[Data shown Boundary: Start]
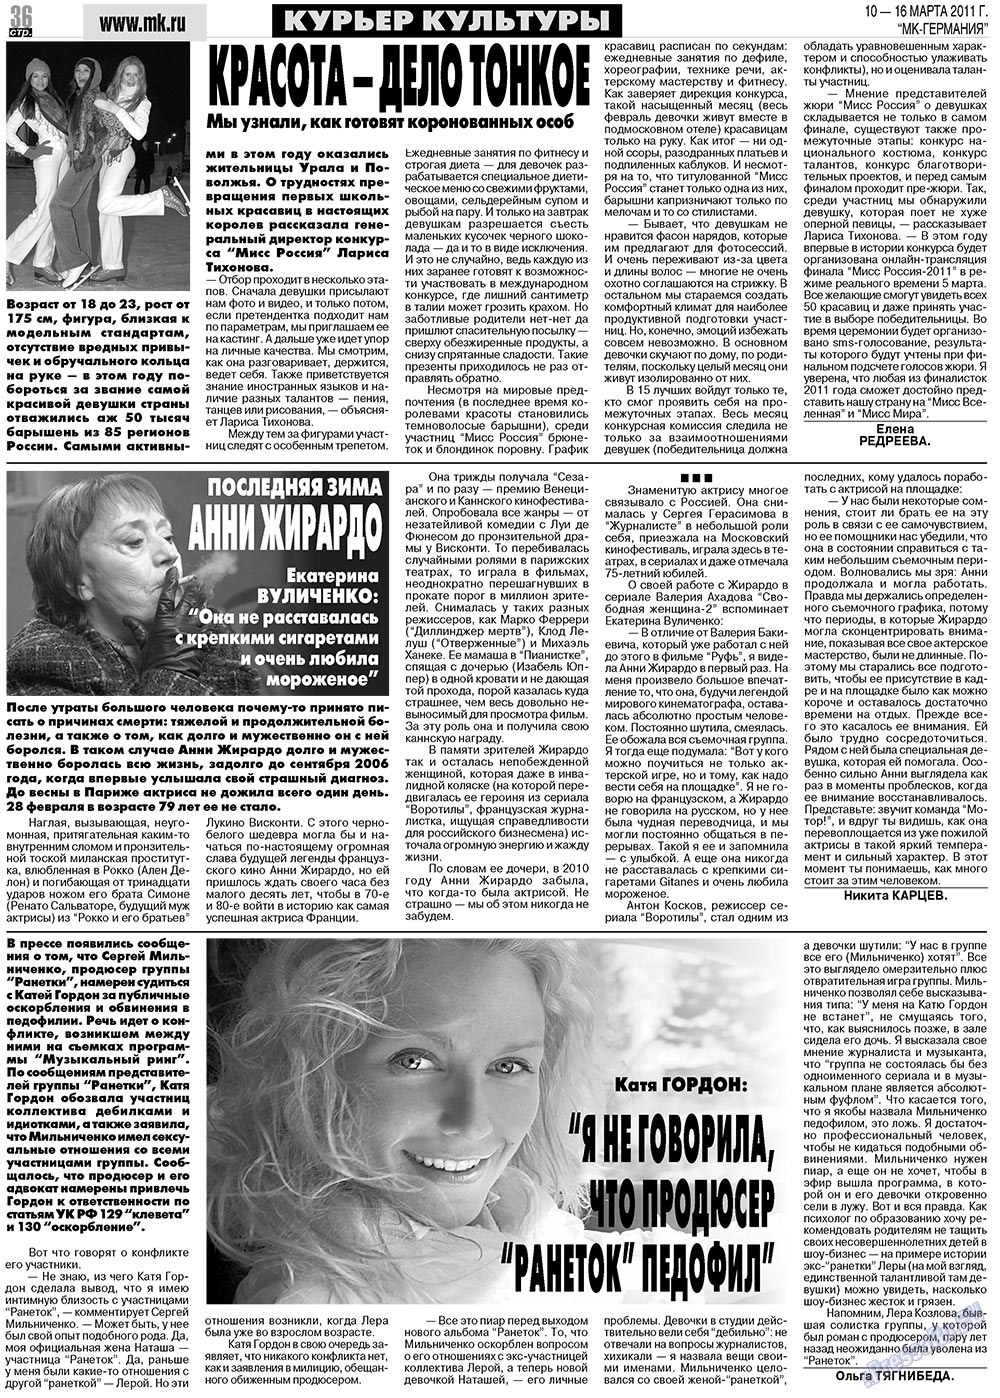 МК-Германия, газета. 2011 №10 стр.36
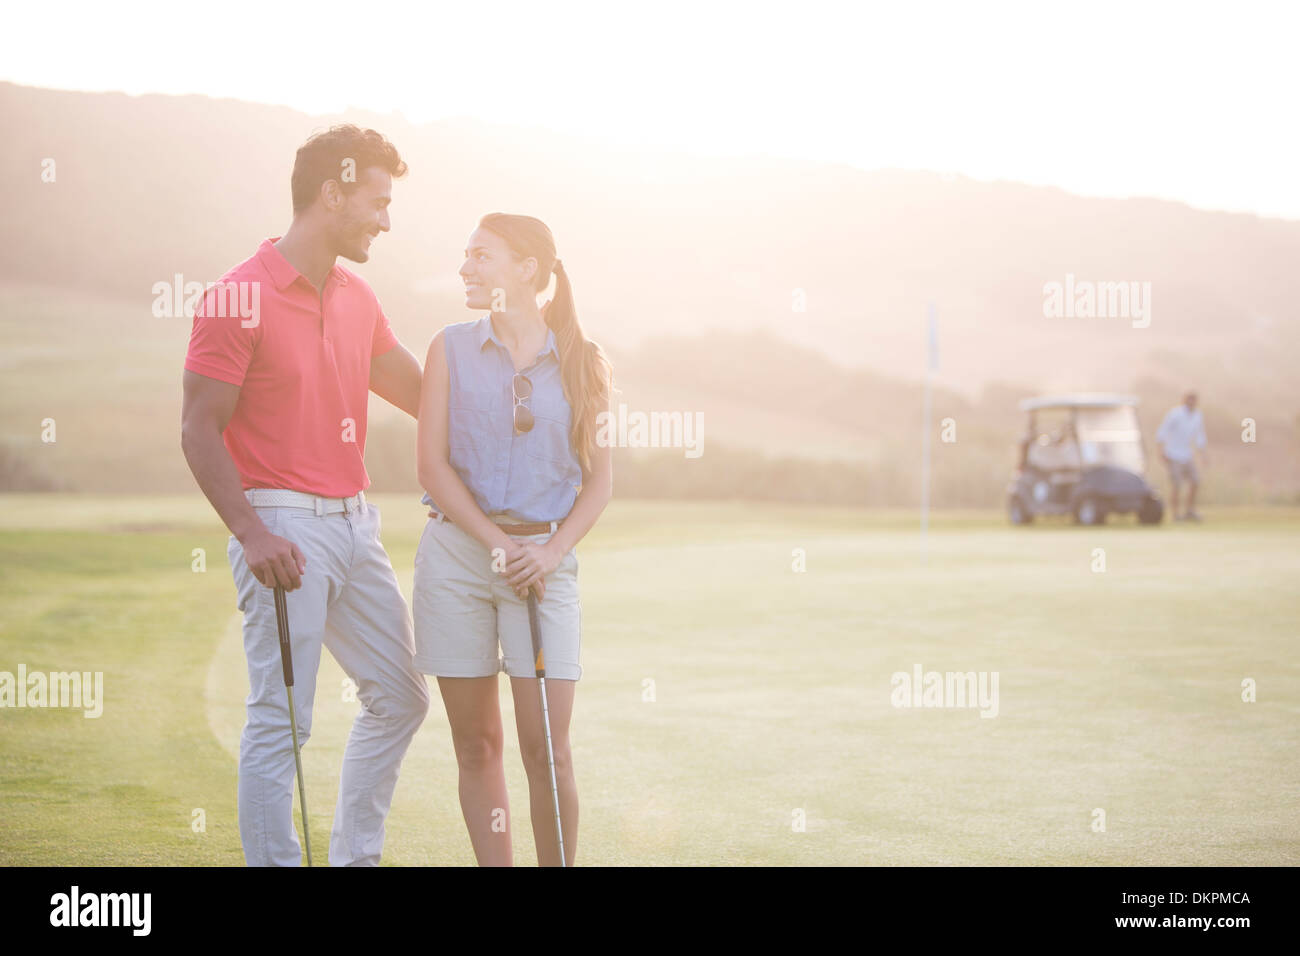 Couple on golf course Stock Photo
[Data shown Boundary: End]
[Data shown Boundary: Start]
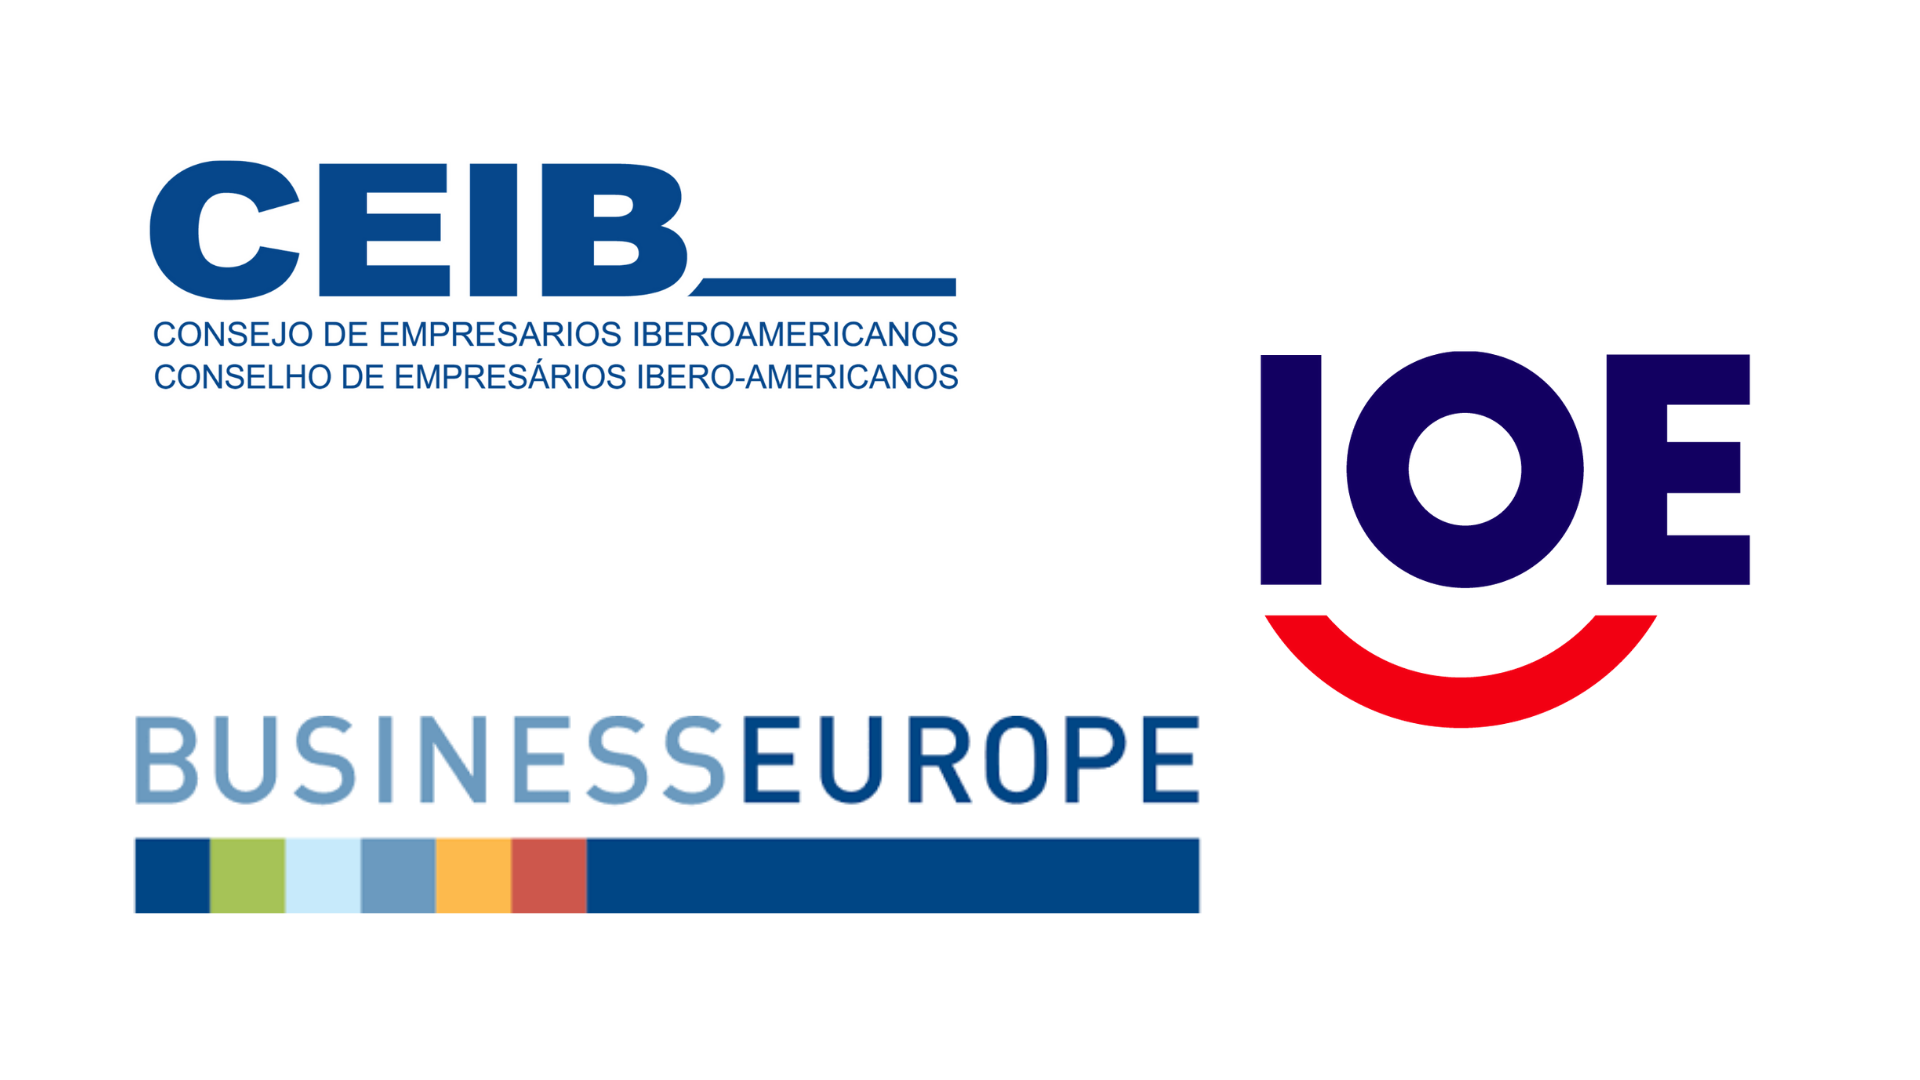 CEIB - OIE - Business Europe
[Data shown Boundary: End]
**Work task**.
Return exactly the lines above, from the one with "МК-Германия, газета. 2011 №10 стр.36" up to and including the one with "Couple on golf course Stock Photo", and include no pictures.

**Written solution**.
 МК-Германия, газета. 2011 №10 стр.36
 Couple on golf course Stock Photo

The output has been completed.